Dataset excerpts:
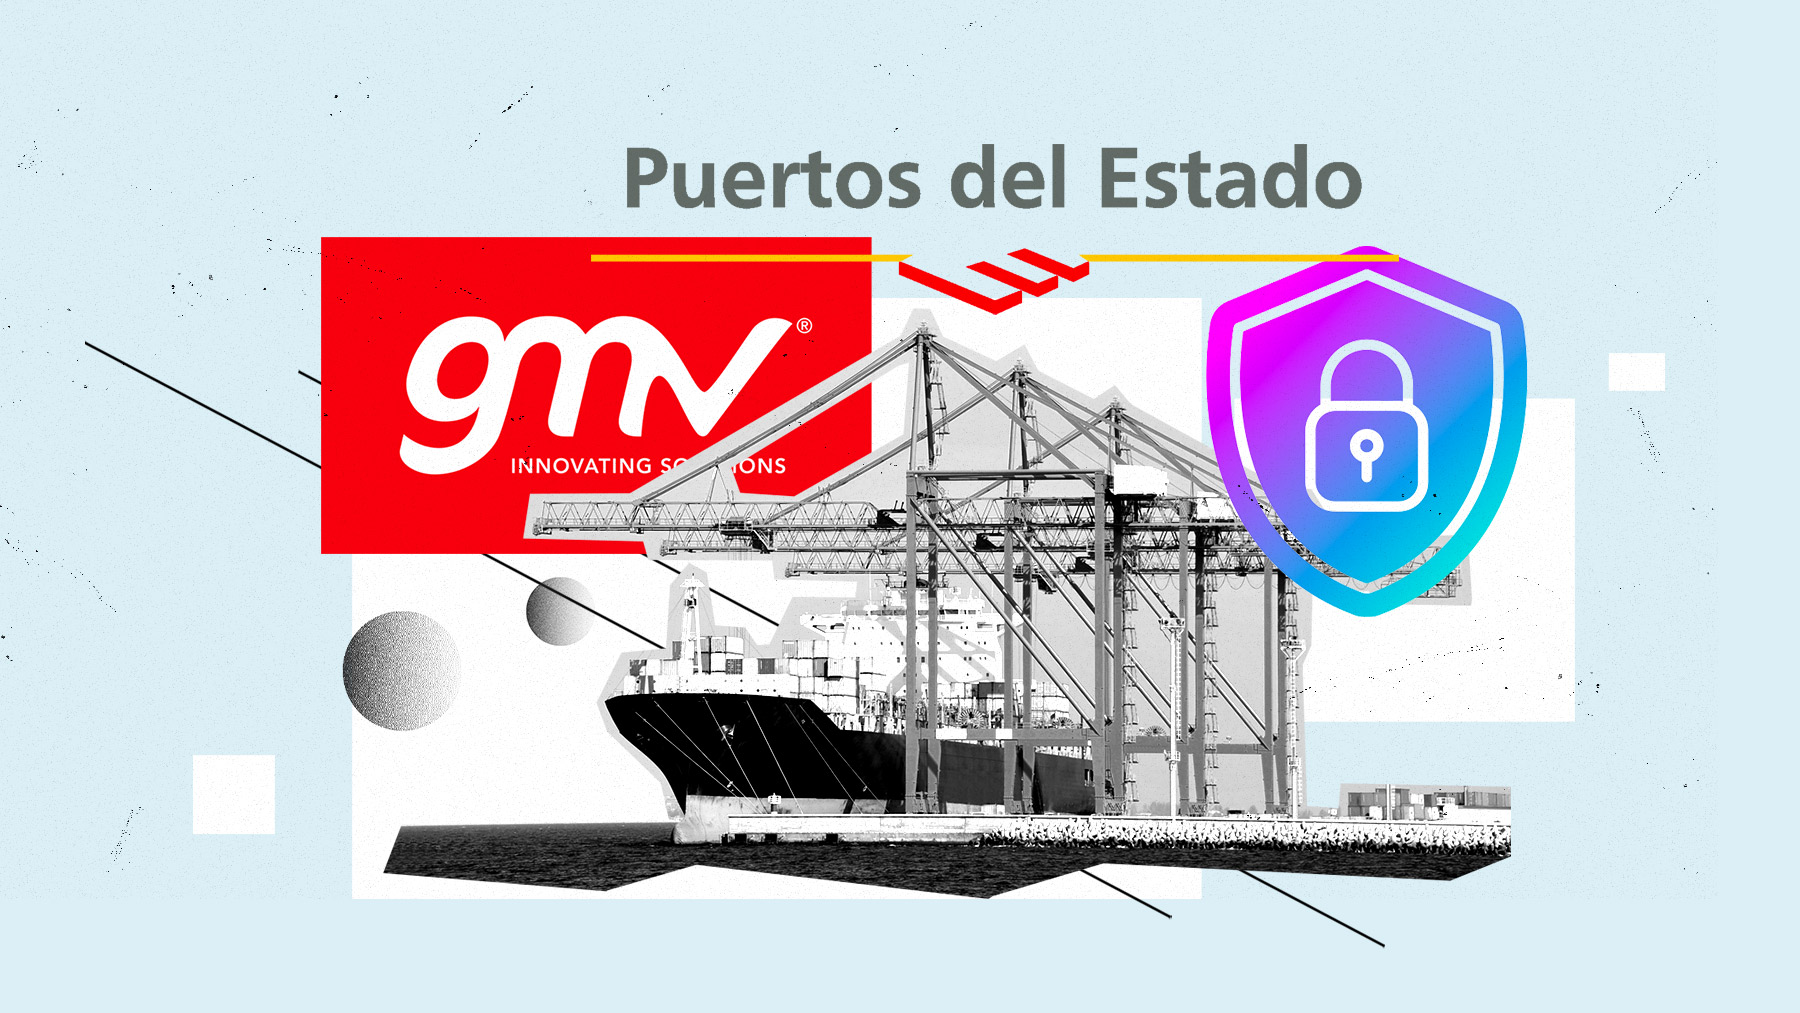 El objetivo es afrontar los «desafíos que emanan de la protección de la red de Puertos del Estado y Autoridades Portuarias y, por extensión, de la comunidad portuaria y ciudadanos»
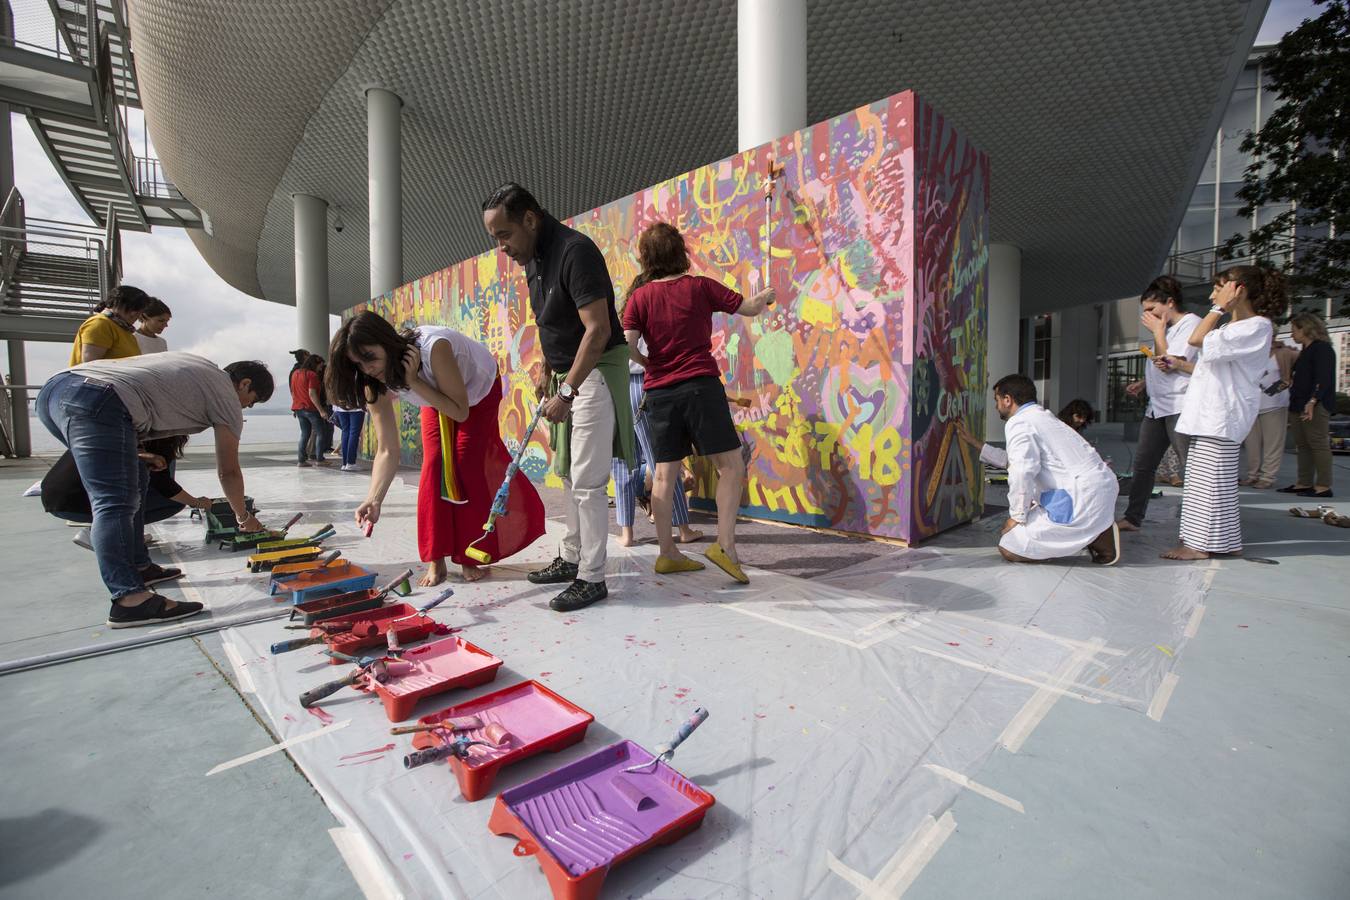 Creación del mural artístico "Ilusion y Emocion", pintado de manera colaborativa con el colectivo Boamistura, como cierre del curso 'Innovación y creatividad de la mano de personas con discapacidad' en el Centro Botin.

--

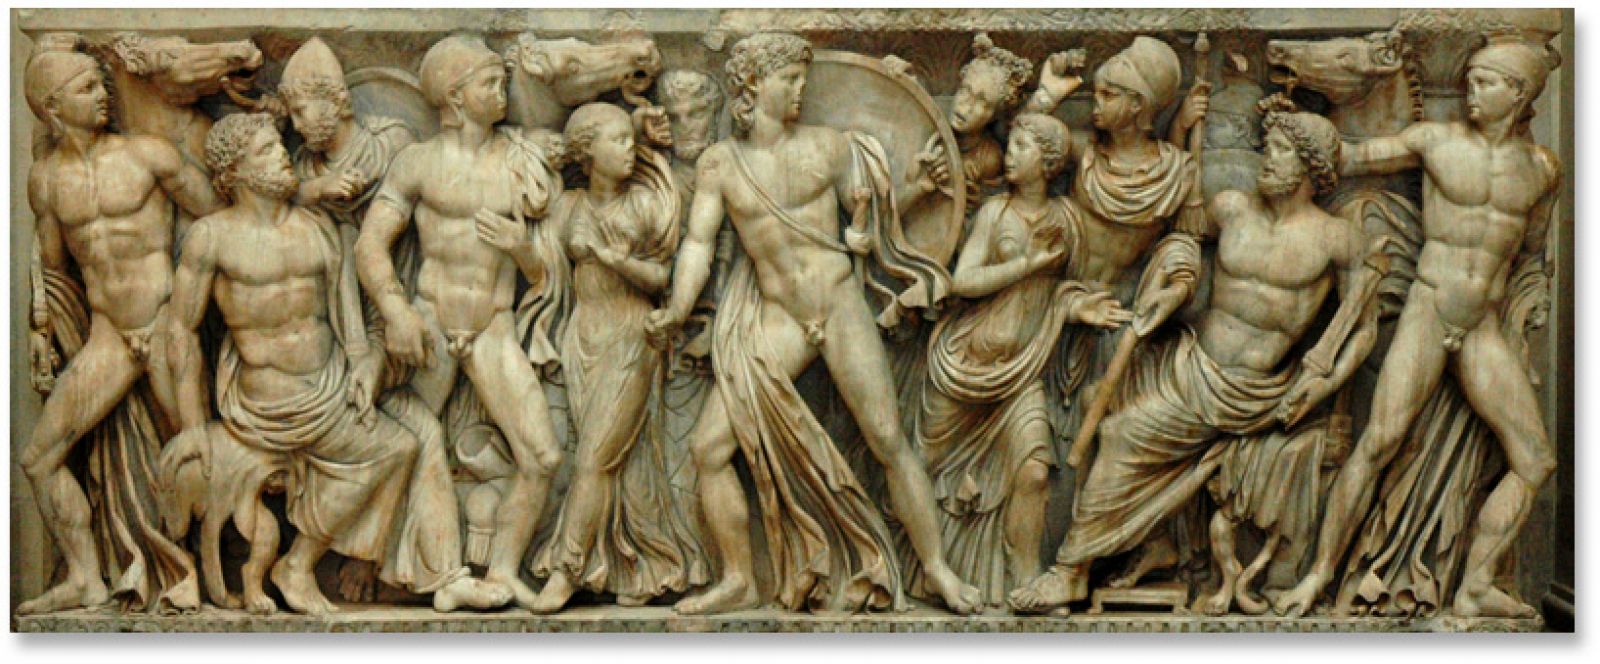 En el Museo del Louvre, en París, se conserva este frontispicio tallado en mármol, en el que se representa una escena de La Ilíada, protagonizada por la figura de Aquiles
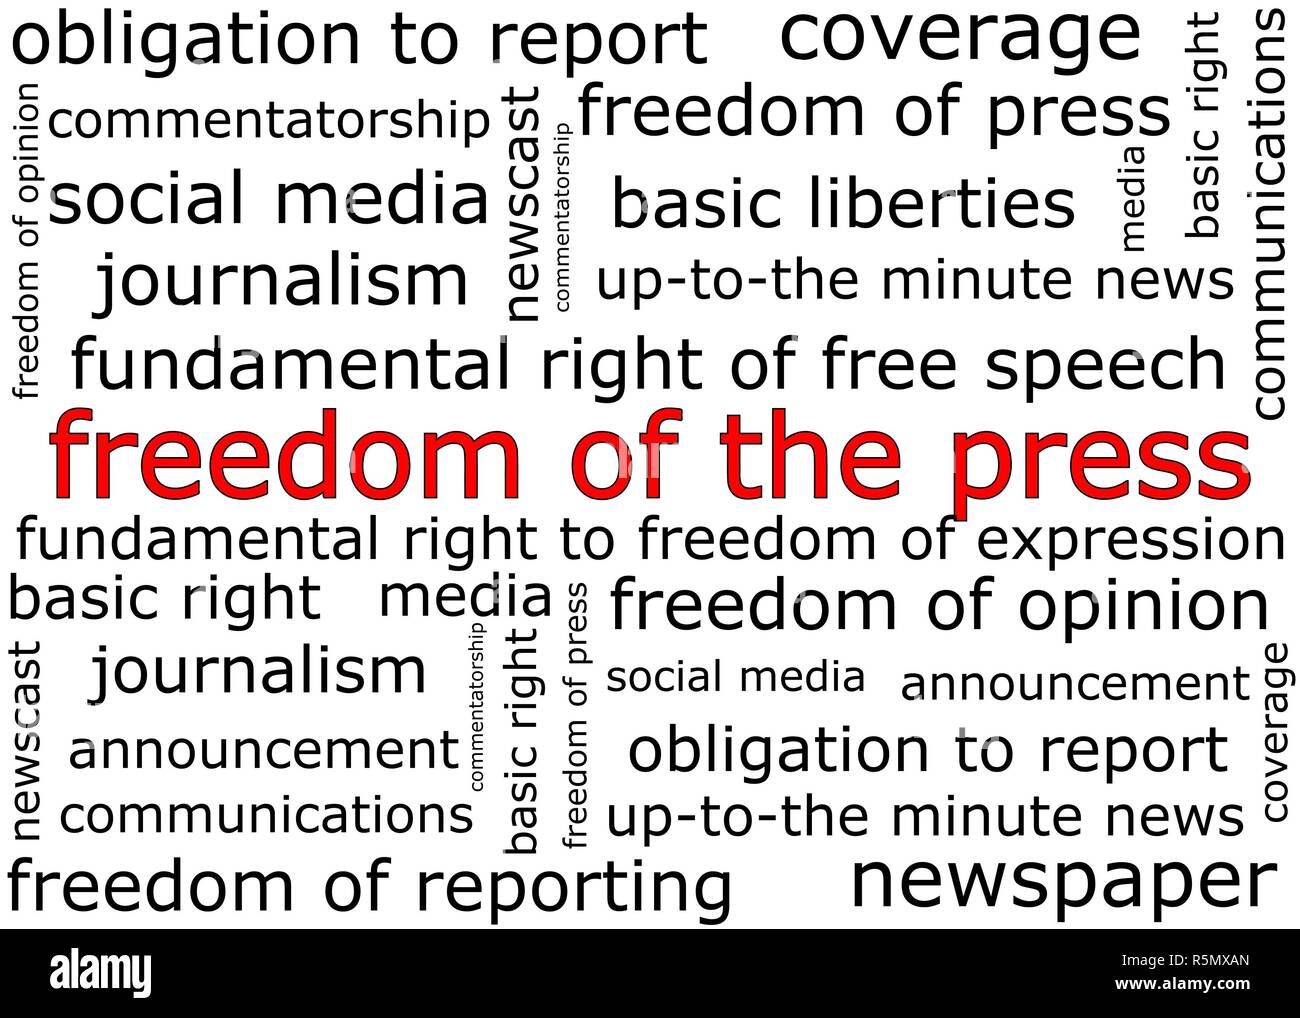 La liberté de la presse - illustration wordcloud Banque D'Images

---

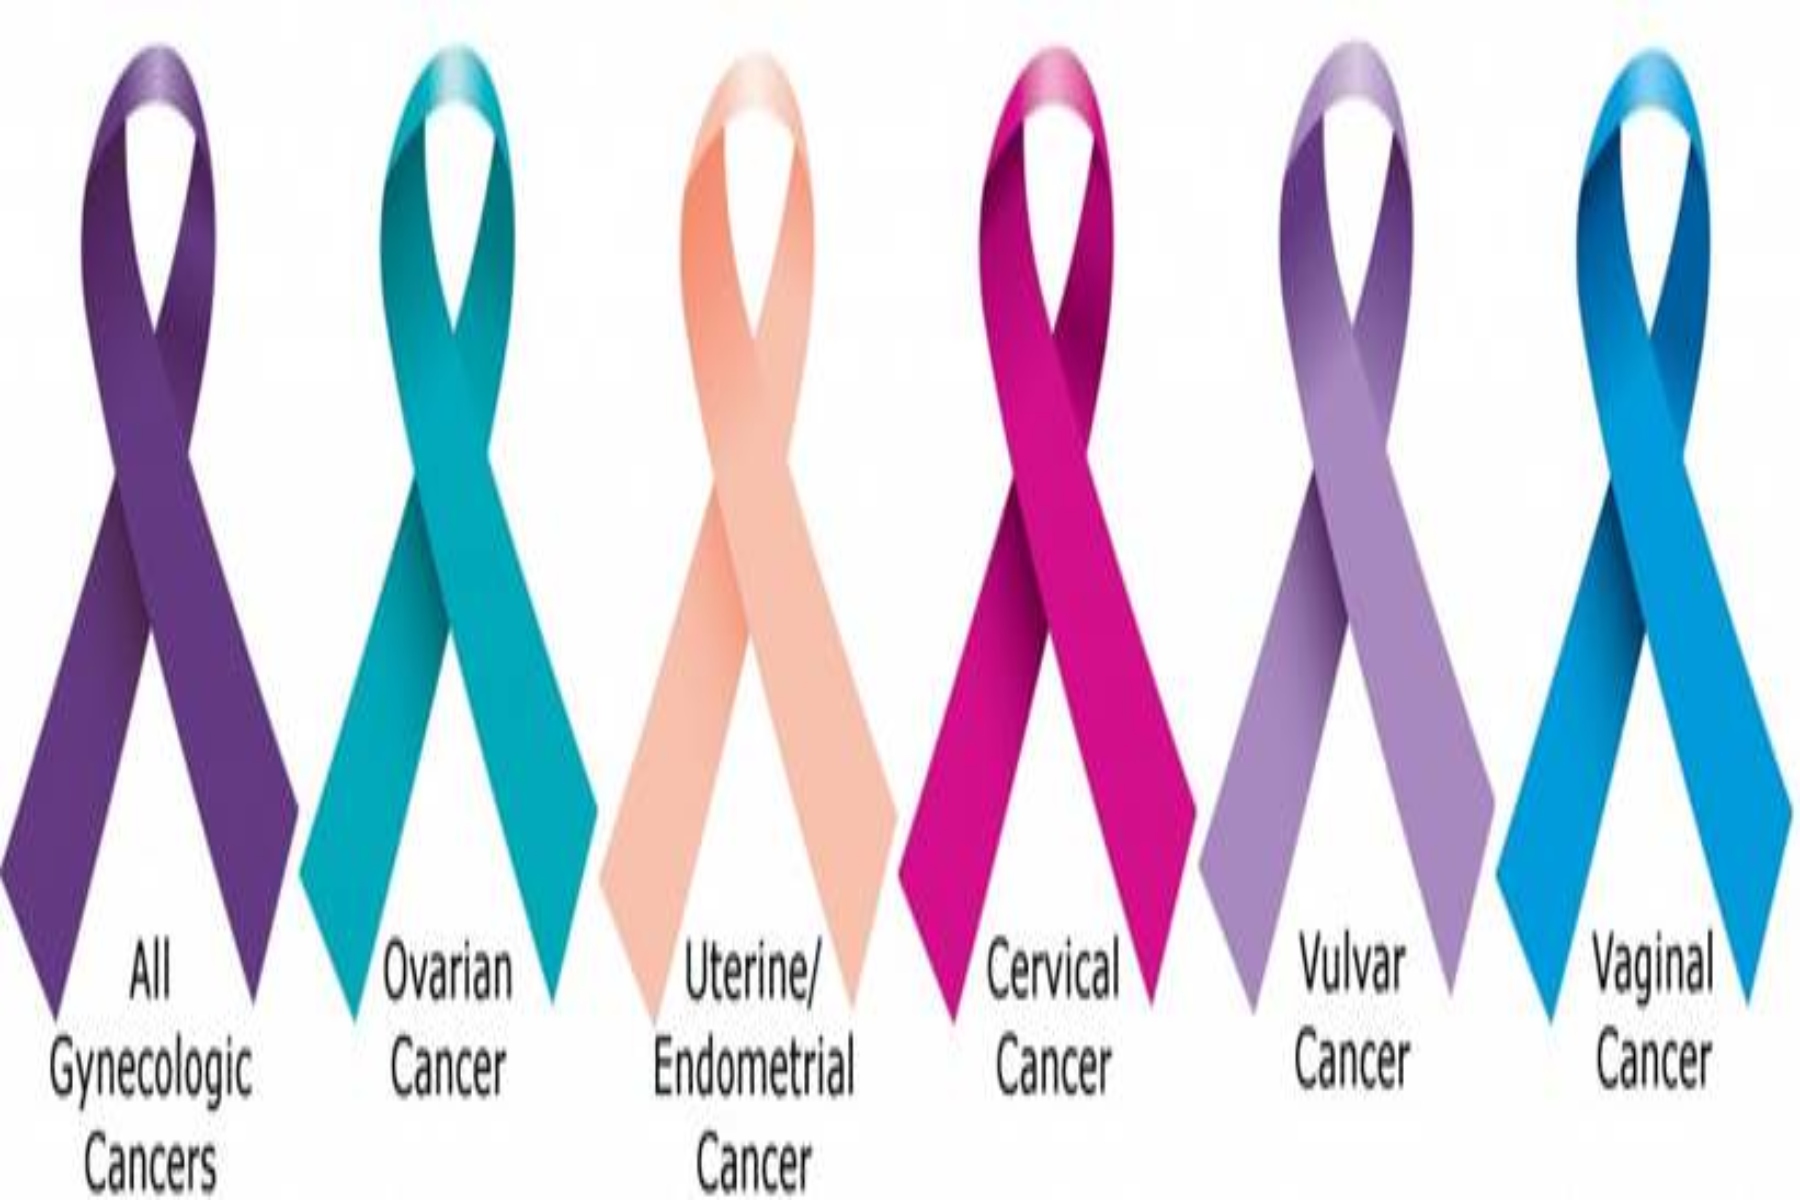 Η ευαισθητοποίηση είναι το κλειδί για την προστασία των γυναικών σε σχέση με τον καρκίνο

What to produce: The response must repeat exactly the lines above from the one with "En el Museo" through the one with "La liberté de", including both, and must contain no pictures and no other text.

Written solution:
 En el Museo del Louvre, en París, se conserva este frontispicio tallado en mármol, en el que se representa una escena de La Ilíada, protagonizada por la figura de Aquiles
 La liberté de la presse - illustration wordcloud Banque D'Images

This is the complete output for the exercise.